Through these moves, Washington could strike the needed balance between isolating Tehran’s mullahs (including depriving them of their military might) and demonstrating its commitment to Iranian democracy. Ultimately, however, one thing is clear: Washington can no longer afford a passive approach. After years of neglect, Tehran is rising – rapidly. Without an adequate response, U.S. Mideast policy could become a victim of Iran’s success.


NOTES:

1. Xinhua, May 16, 1998.

2. Kemal Kharrazi, Address to the Annual Persian Gulf International Conference, January 7, 2001.
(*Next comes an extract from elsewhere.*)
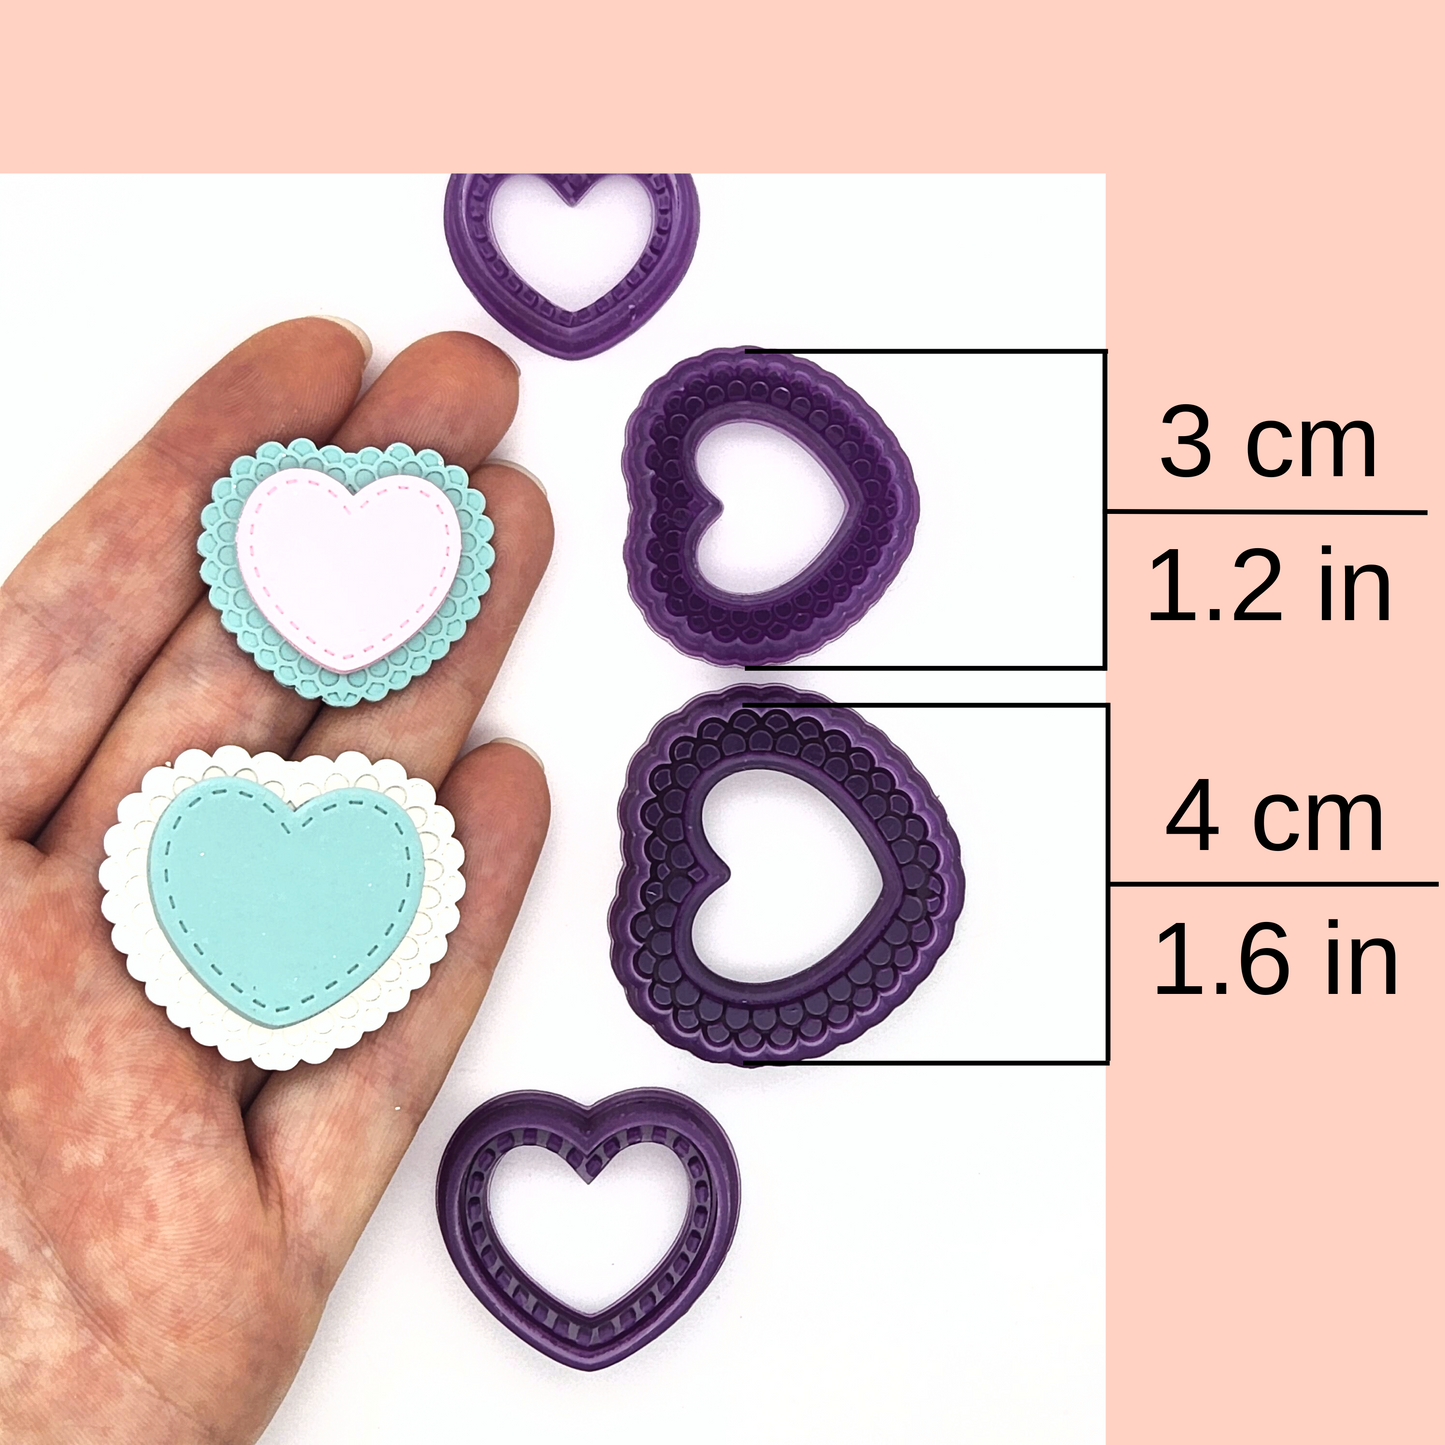 Stitched and Doily Heart polymer clay cutter set, available sizes: 3 centimeters / 1.2 inches, and 4 centimeters / 1.6 inches

3. Michael Eisenstadt, “The Military Dimension,” in Patrick Clawson et al. Iran Under Khatami: A Political, Economic and Military Assessment (Washington: Washington Institute for Near East Policy, 1998), pp. 74-78.

4. Vedemosti (Moscow), March 12, 2001.

5. Based on figures provided in Michael Eisenstadt’s Iranian Military Power: Capabilities and Intentions
(Washington, DC: Washington Institute for Near East Policy, 1996) and Anthony Cordesman’s “The Arab-Israeli Military Balance in 2002” (Washington, DC: Center for Strategic and International Studies, 2002).

6. Middle East Newsline, April 18, 2001.

7. Hoseyn Kazempur-Ardabili, a senior advisor to the Iranian Defense Ministry, as cited in Al-Sharq al-Awsat (London), April 22, 1999.

8. Abrar (Tehran), June 29, 2000.

9. Sunday Times (London), March 17, 2002.